Can you ever really go Home?
As someone who has recently left home, the perception of home as a concept has become somewhat of a preoccupying question in my mind. Because this to me is what home is — home is merely a notion. You may live in a certain place or a certain type of house, apartment etc., but it is the idea of home which creates the emotionally potent cocktail of a few parts nostalgia and a few parts disdain. I think that for the most part when someone is asked to think of home they think of a set unchangeable destination. However, I don’t regard home as a fixed stable place. I see it as a place which becomes attached to several ideas, making the home an associative space. We allow these spaces to become mythologised and glorified entities. A need grows to feel as though there is a comforting place to return to and so we allow these fictions we create to become real.
Being removed from home (or more accurately put- the house I grew up in) is allowing me to examine my relationship with the idea of home. I am coming to see that I have a fluctuating relationship with home, my opinions about it and my needs for it are never entirely the same. In roughly the past three years I have gone from one country, back to another and then back to the one before that. Or more simply put Paris to Dublin to Amiens (which is a town in France- a town I had not heard of before I came here). Some people look upon this as courageous and congratulate me on my brave decisions. Yet, when I look at my time travelling, I’m no longer really seeing it as travelling. This is because each time I’ve lived in these places- unbeknownst to myself I’ve been in the pursuit of trying to establish a home. Each time I’ve gone there has been a reason; a structure to my existence there. Something to create belonging- see?: home searching. Travelling on the other hand I’d consider something quite different — it’s being a spectator, a sampler. In my travelling there are always set structures and even repeated countries. So I don’t really consider myself to be overly adventurous but rather someone just searching for stability in different places.
Yet, why search to find another home? Why this itching fascination with France? As I mentioned earlier the idea of home is probably for most people constructed on nostalgia or disdain. Yet, the feeling of nostalgia is one only really felt through distance. Mostly while living at home we are critical and quick to be disappointed with our surroundings. It is not uncommon to think that if you leave a familiar place behind, you can also leave behind a lot of emotional baggage and unnecessary ties. Or perhaps it’s just a simple case of not knowing how to quench the mild dissatisfaction of routine life and thinking that the only way to do so is to physically leave the home space. In my case, I fancied that France could be the place to defeat these feelings. And so I managed to carve out what felt like a new home to me amongst the bread and the art and metros of Paris. I got to know the ins and outs of the city all the while falling in love with it. And so like all beloved homes it became for me a glorified home space based on nostalgia and in my perception superiority to anywhere else. And so in my mind, it became fictionalised into the only place worthy of a return- my real “home” rather than the one I was born into.

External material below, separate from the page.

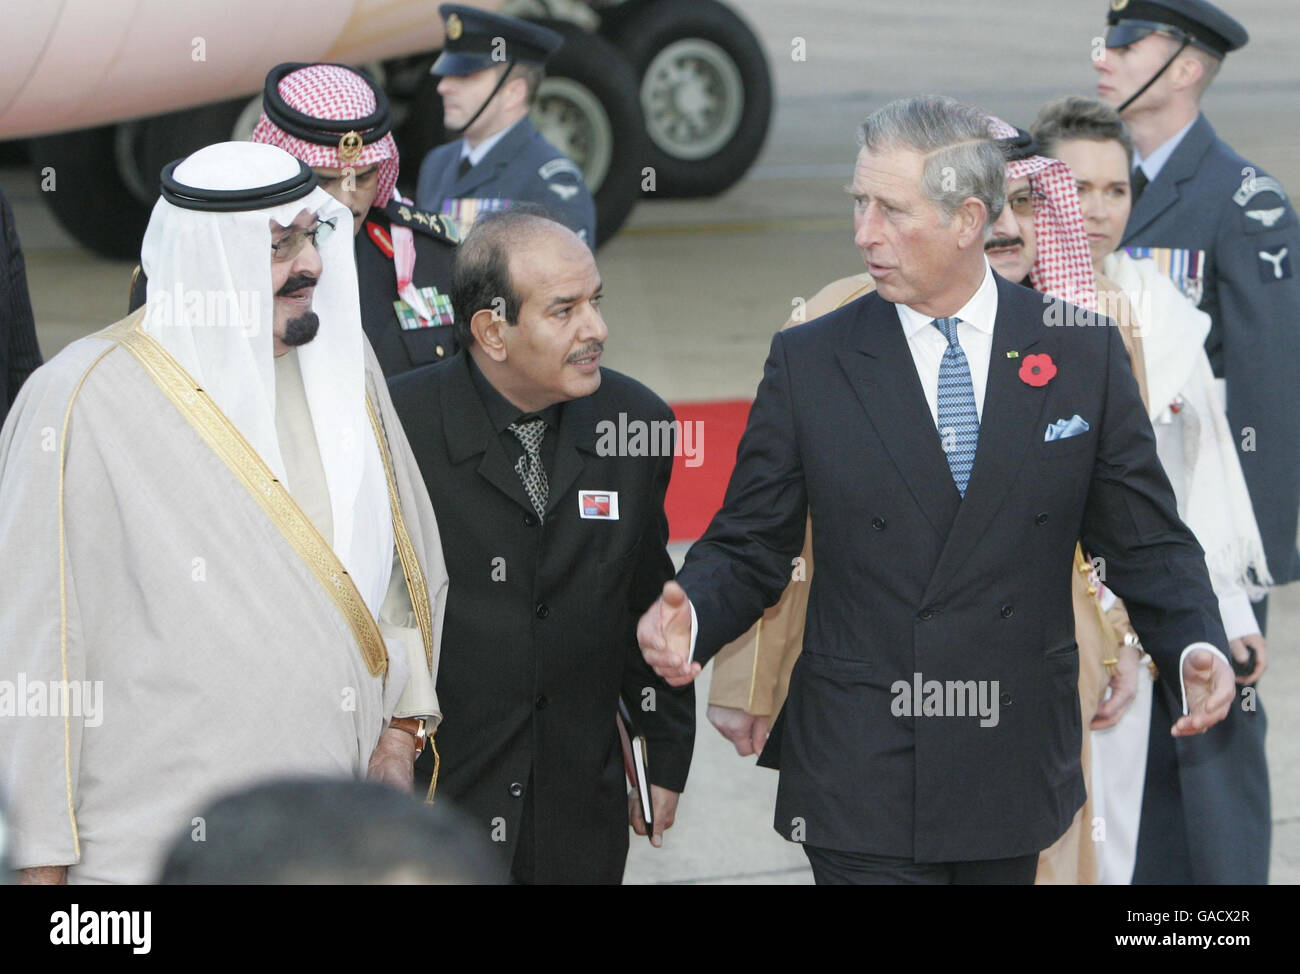 King Abdullah of Saudi Arabia (left) is greeted by The Prince of Wales at Heathrow airport. Stock Photo

Out of necessity I had to live in my native Dublin the following year. And it really wasn’t all that bad- I know that I am lucky in having an actual house with people I love in it to return to. Yet, the obsession that I had found a home elsewhere still remained at large in my mind. So applications were sent out to return to my non-native mother land. Out of my attempts to get back there I ended up being in a situation in which I was going to live in neither of my homes. And now that I have been here for a month, I can say many positive things about the place and feel as though I do have a good few things figured out but my gut says that this isn’t and never will be a home to me. And so my fictionalisation of my other two homes has never been greater. I think that in the case of Dublin I am emphasising the importance of people and with Paris I am over romanticising the importance of place. When I think of Dublin, I think of how much easier life would be and with Paris how much more interesting life would be. So I am stuck in a homeless middle ground, my home life at present neither being super easy nor super interesting.
But how have these ideas of home really been created? What are the factors which allow for the creation of the associative space of home? On reflection I think that it is actually neither the people nor the things that make a home a home. I think that it is the self that is associated with these spaces which allow a place to become a home. The great things like friends made and the food eaten add to the creation of a home but really it is how we respond to these things that allows a mere place to be viewed as a home. If the general emotions we felt or actions we took in these places evolve as positive associations in our minds then we will want to seek out that comfort again- thus the creation of a nostalgic, longing filled space. So, it is how I acted and how I lived in Paris and in Dublin which has enabled me to consider them as homes. So, if the creation of home is dependent on the self, then home can exist outside of a singular rigid idea. It can be seen as something in flux, ever to be sought out in any place, anywhere, at any time in life. To me, this fluidity is far more comforting than the fixation on one over-glorified never changing place.